*WORK TASK*. In the data below, find the line with "Vokietijos kanclerė Angela" and the line with "供应光纤传感器E3X-CE4、E3X-C*、E3X-A41", then restate both and every line between them exactly, minus the pictures.

*DATA TO PROCESS*.
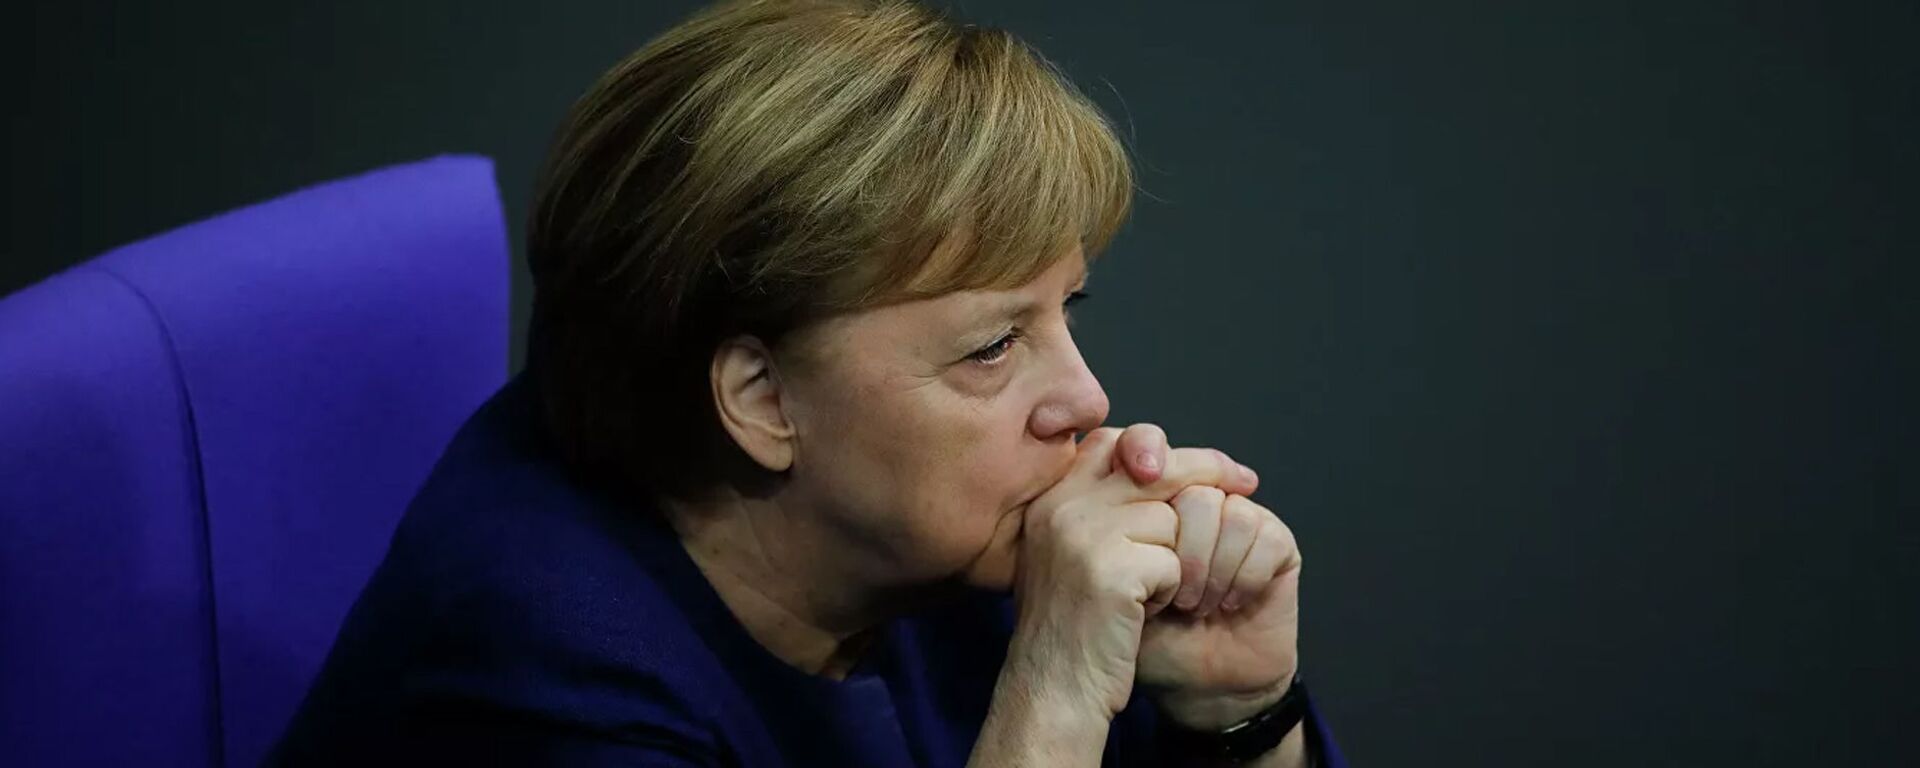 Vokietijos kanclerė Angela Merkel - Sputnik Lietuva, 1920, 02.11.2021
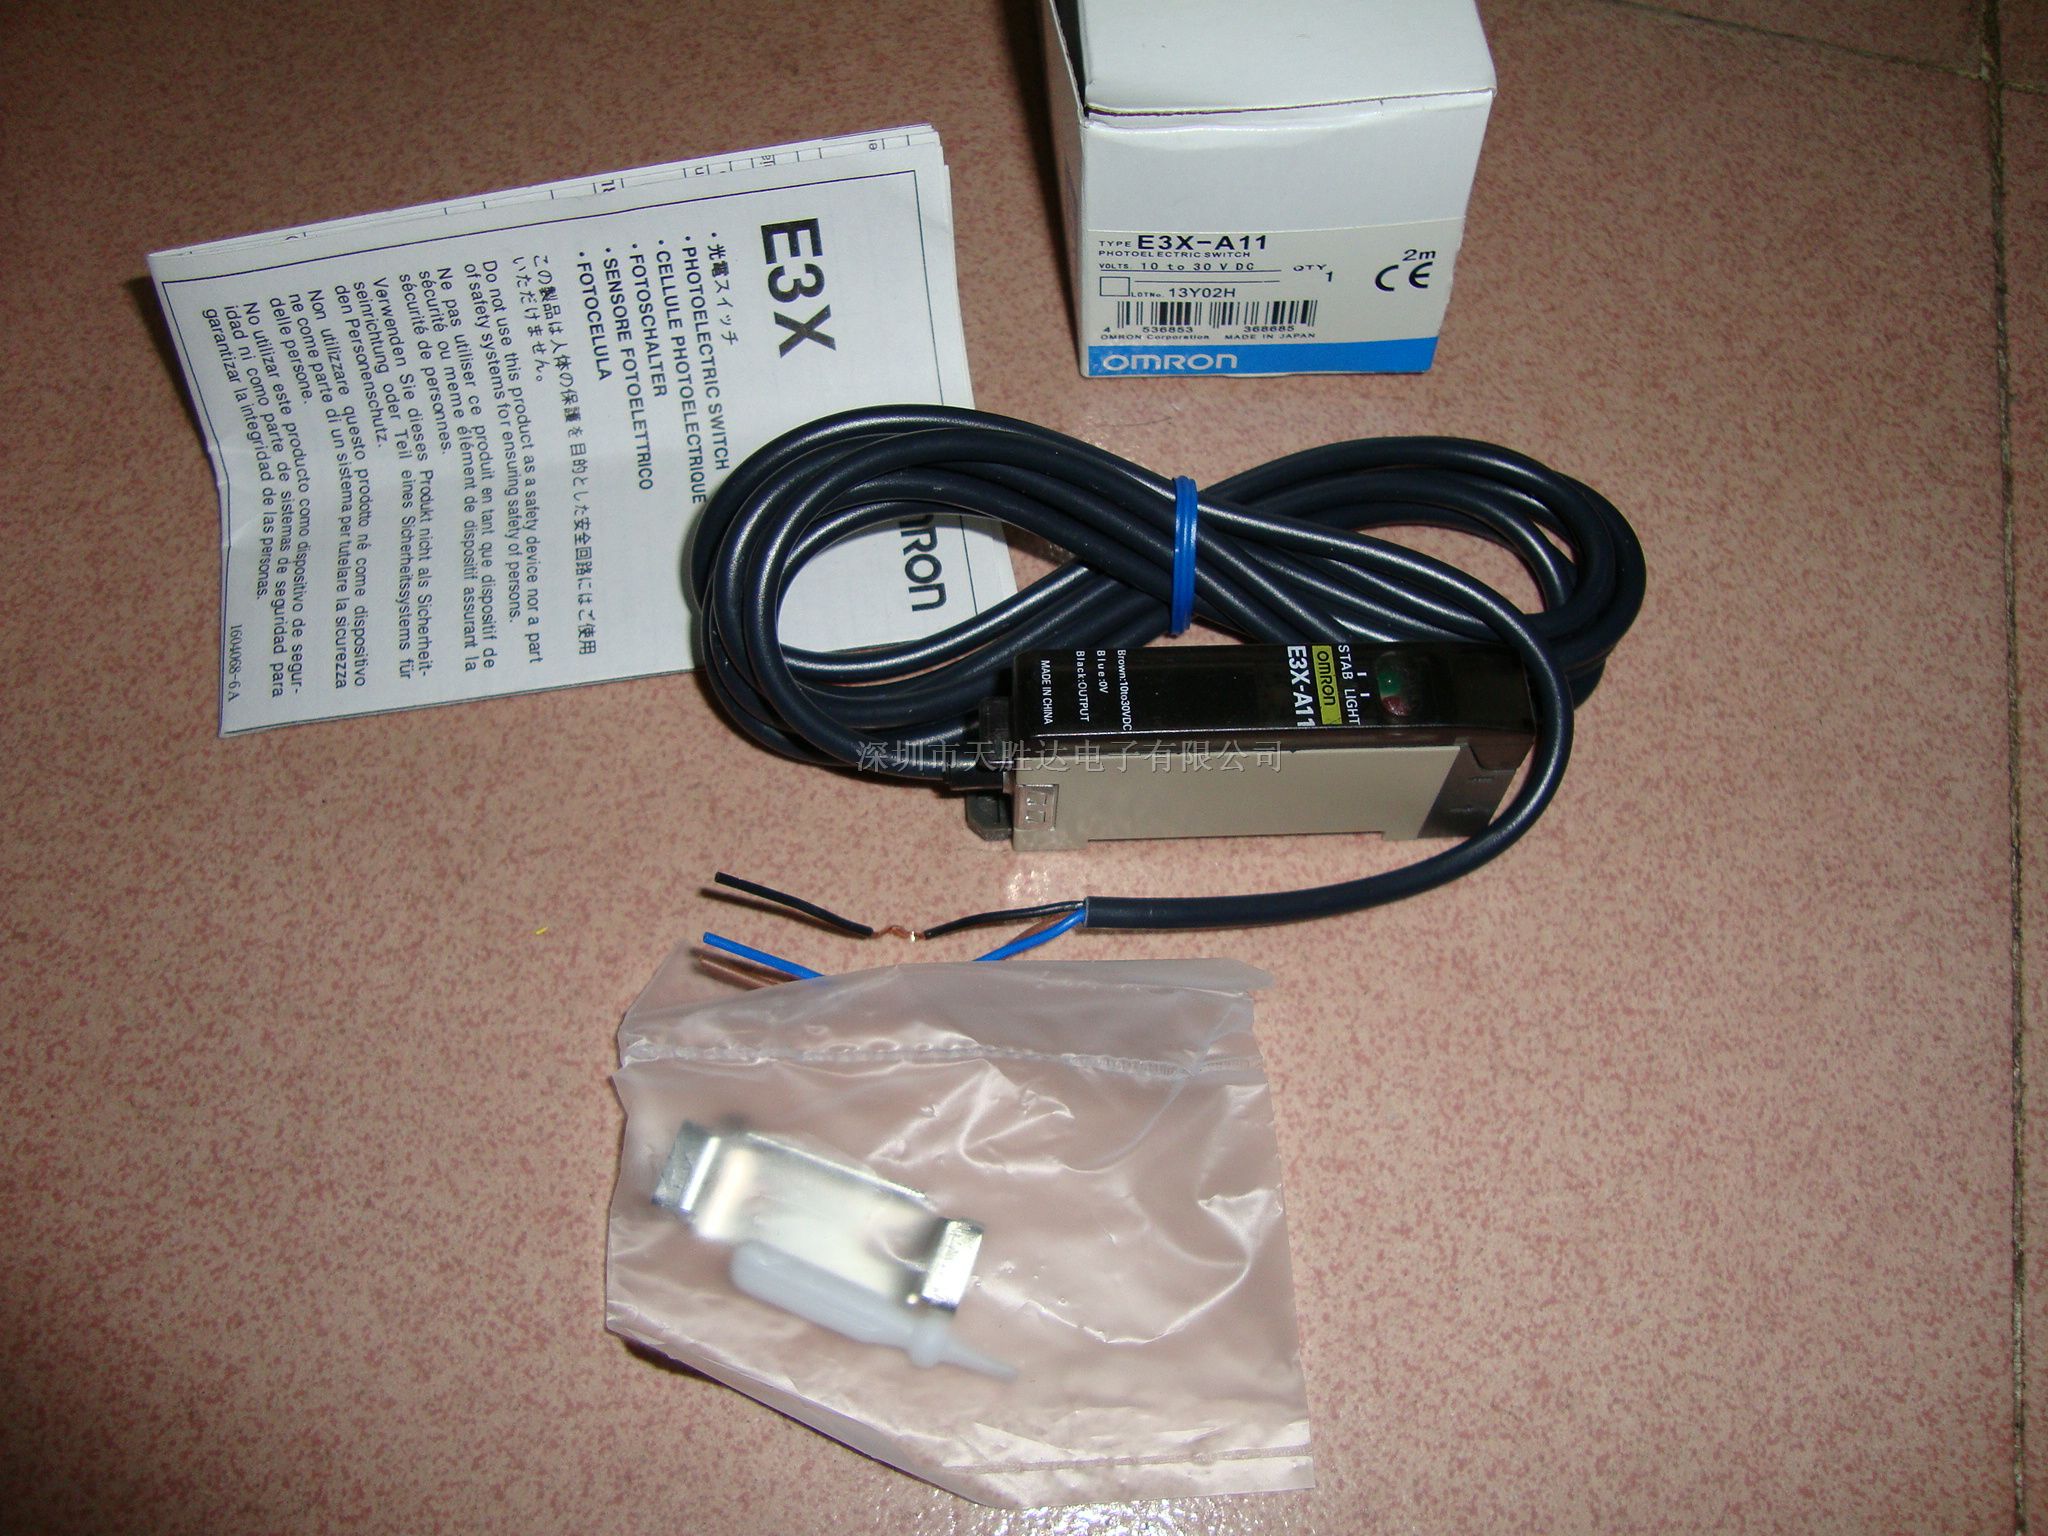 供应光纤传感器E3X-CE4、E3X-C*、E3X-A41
---
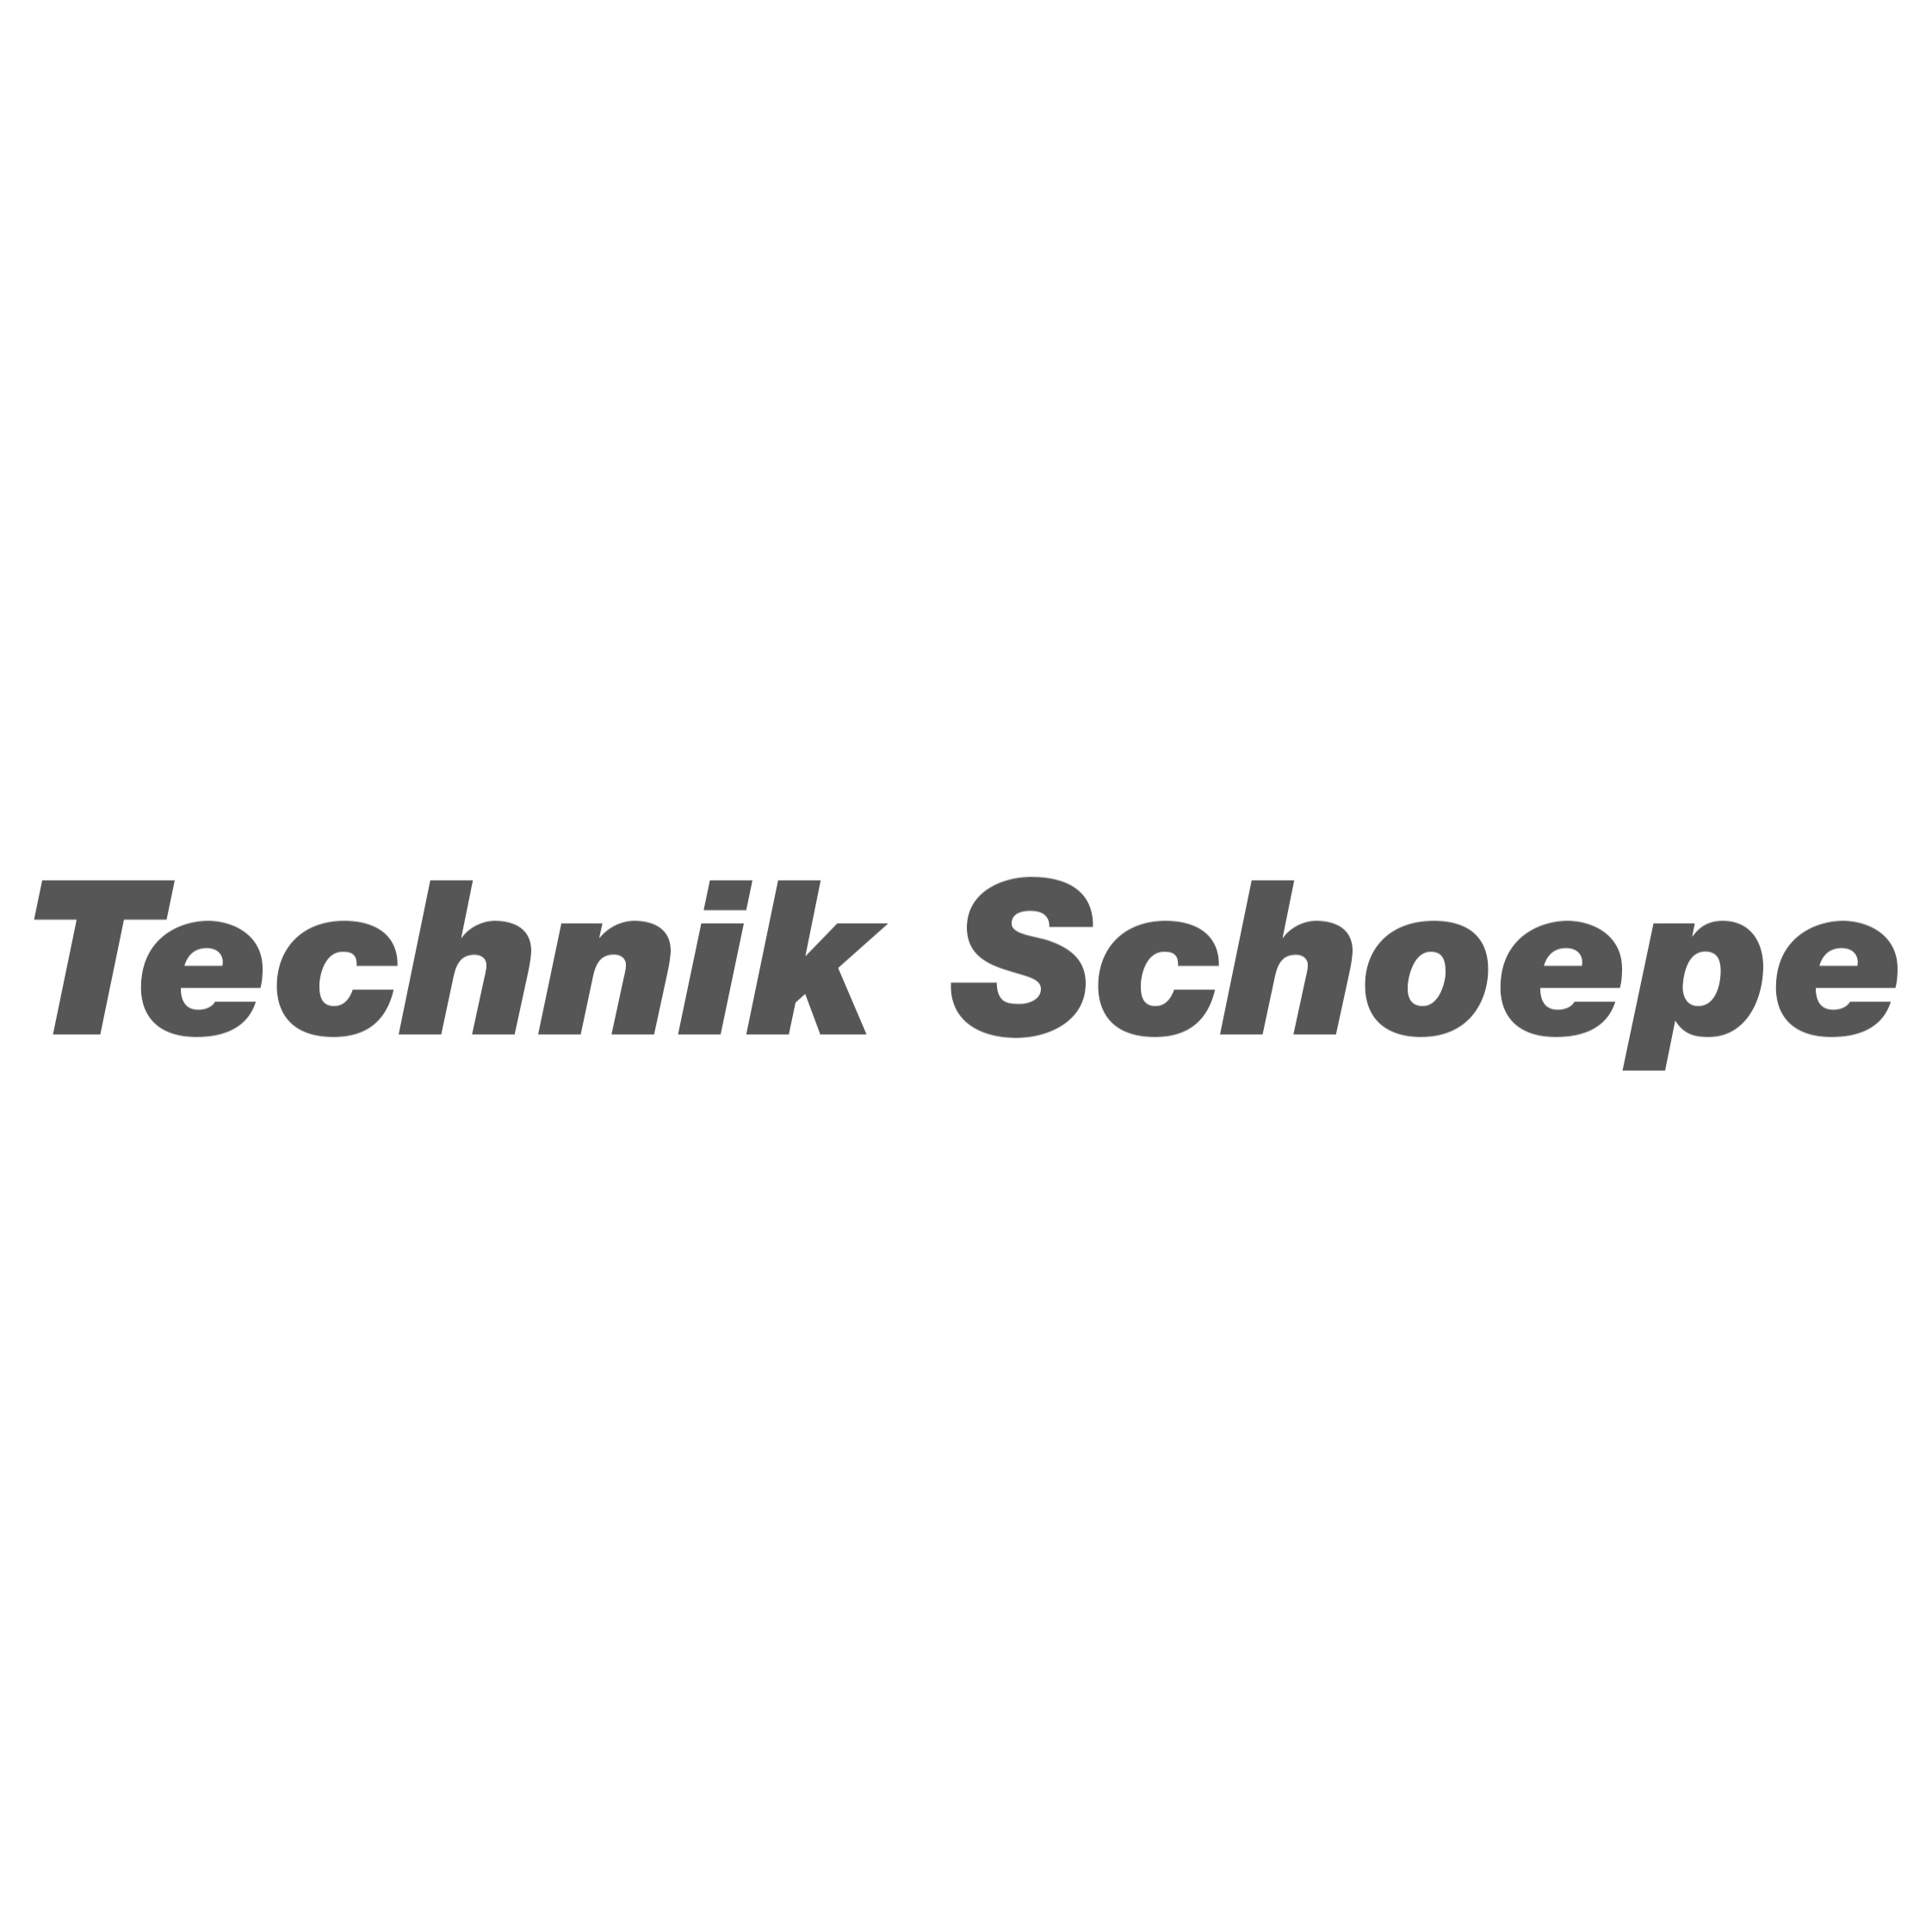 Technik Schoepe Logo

*RESULT FOR THIS TASK*.
 Vokietijos kanclerė Angela Merkel - Sputnik Lietuva, 1920, 02.11.2021
 供应光纤传感器E3X-CE4、E3X-C*、E3X-A41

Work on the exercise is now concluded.